Investors can also benefit from a unique and valuable opportunity that comes with buying pre-IPO shares in the form of crowdfunding, and PIPE investing, primarily for those private companies that are looking to go public.

How to Invest in Pre-IPO Shares?

Investing in pre-IPO shares isn’t always easy. In most cases, the ability to purchase them will largely depend on whom you know.

However, it’s not impossible. There are several ways and methods one can invest in pre-IPO shares with a company that intends to go public.

One of the most common ways is to speak to your stock broker or find an advisory firm that specializes in pre-IPO shares and capital raisings. They can give you directions as to how to invest in these shares with a company before it goes public.

You can also monitor news and alerts about startups or companies that intend to go public. You can also inquire about companies that are looking for investment by contacting local bankers and accountants.

Building business connections can be advantageous too. For instance, you can seek these connections in events such as venture forums and business incubators. Establishing relationships in the angel investor communities can prove to be beneficial as well.

Considering the fact that pre-IPO investments have a limited access for most investors and even for those who can easily access it, there is a high liquidity risk attached to it. However, there is a way to still invest in pre-IPO shares which ensures access to all the investors that are interested in private equity.

This method is called Stock Tokenization which basically refers to the conversion of traditional company shares into cryptocurrencies that also allow for liquidity in the IPO markets.

What Risks Are Involved When Investing in Pre-IPO Shares?

Investing in itself is risky. It requires knowledge in business and investment, ability to analyze, and foresight to predict the development of the company. Investing into a company that has been public for some time can be easier as you can access stock charts and see the trajectory of its growth.

With pre-IPO shares, however, more risks are involved. It is much harder to evaluate the future of the company. This happens due to the risk of information asymmetry.

Directors and managers who are selling their shares know more about the company and its business situation than people buying into it. They are also not required to disclose any information to the public while the company is private. This limits the amount of information available on it.

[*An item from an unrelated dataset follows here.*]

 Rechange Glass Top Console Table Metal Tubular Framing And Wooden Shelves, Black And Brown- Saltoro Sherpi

Even though companies that are going through the IPO process have to meet disclosure requirements and prepare a PPM (Private Placement Memorandum), the information provided often is not enough to give investors an accurate picture of the business’ performance.

In addition to that, the underwriters who intermediate the share sale have the incentive of maximizing the price they are able to secure in the secondary market.

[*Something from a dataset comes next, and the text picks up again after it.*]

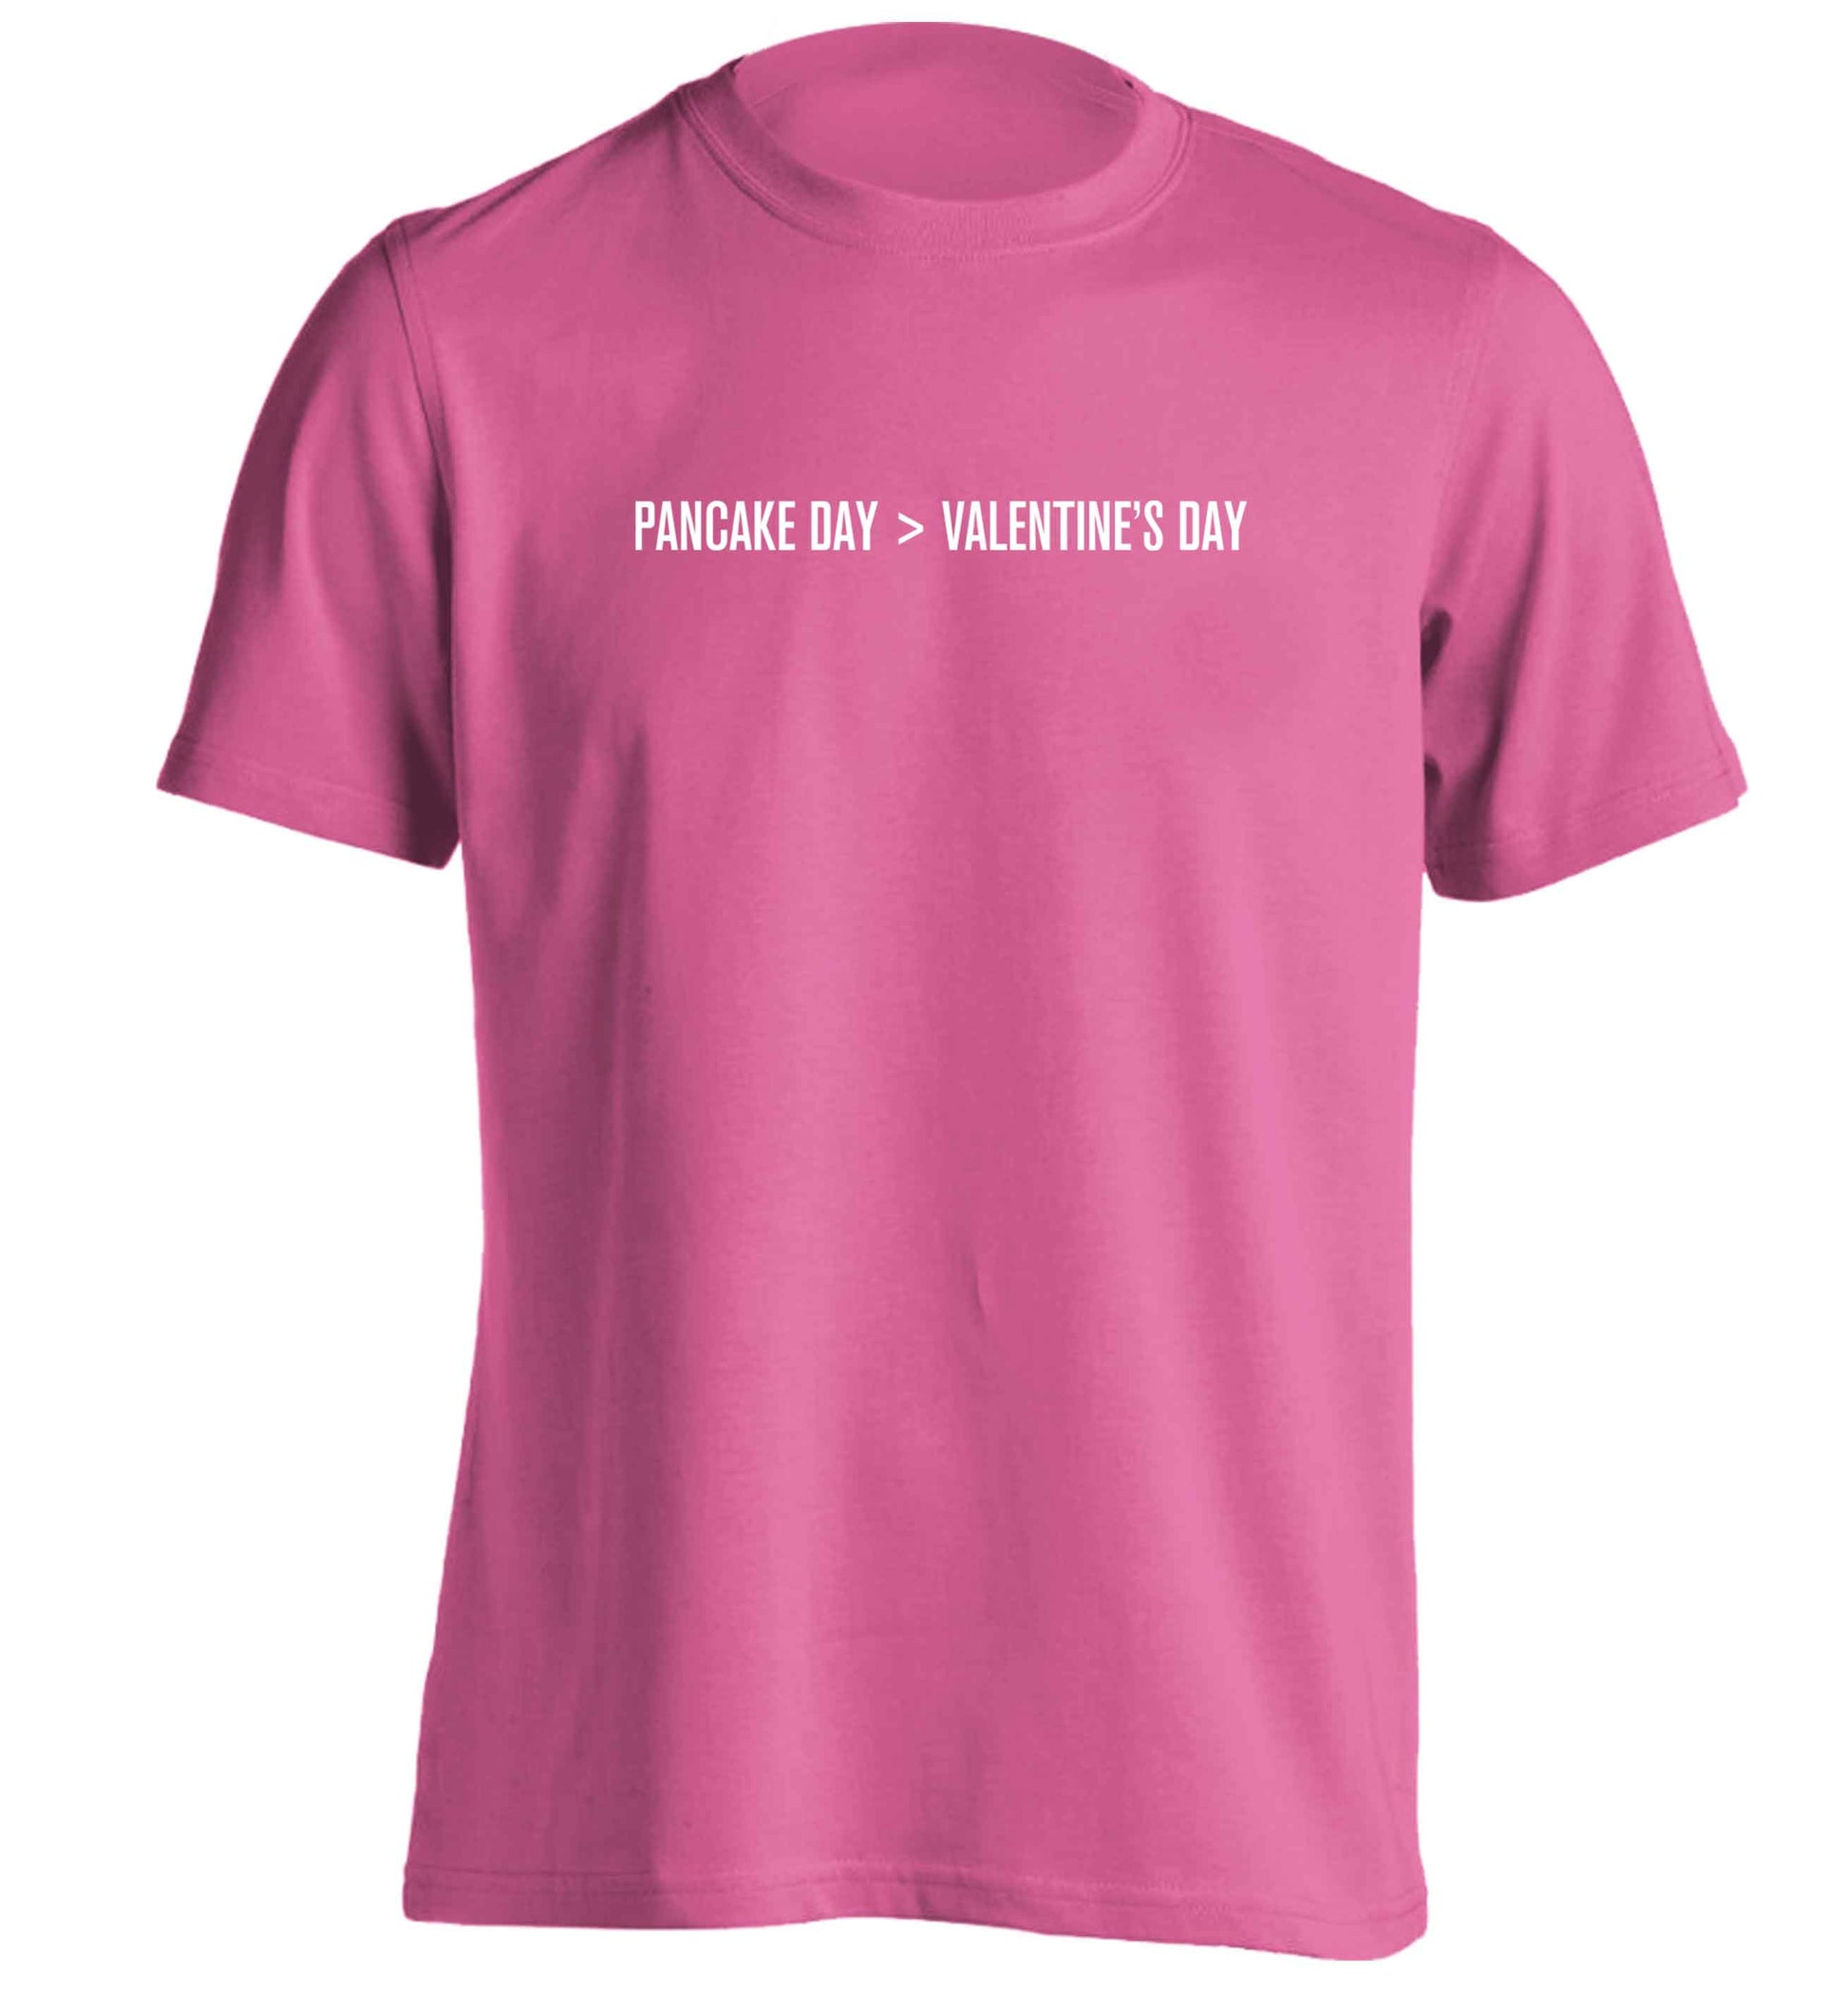 Pancake day > valentines day adults unisex pink Tshirt 2XL

Can You Sell Pre-IPO Shares Right Away?

For the majority of the pre-IPO companies, the only way to sell shares is through a secondary market that facilitates the transaction of private investments.

However, regulators have gradually tightened the rules that govern the buying and selling of pre-IPO shares. Many companies have also been found to delay their IPOs during a wave of eager private capital which has created increased demand between both buyers and sellers.

In Conclusion

Regardless of what route you choose to take, make sure you do not make any rash decisions. Investing in pre-IPO shares can be beneficial and lucrative, but also rather risky. Not each company succeeds, and you run a run a risk of losing your money if you do not invest wisely.

To avoid this, make sure you familiarize yourself with the topics of finance, investment, and business analysis. It will allow you to more accurately assess the potential of companies and become a successful investor.

And last, but not least, never invest without legal protection. Choose only companies that utilize a PPM. That will ensure that they are transparent and comply with ant-fraud laws. Alternatively, you can have a lawyer or attorney prepare and investment contract and a term sheet for you.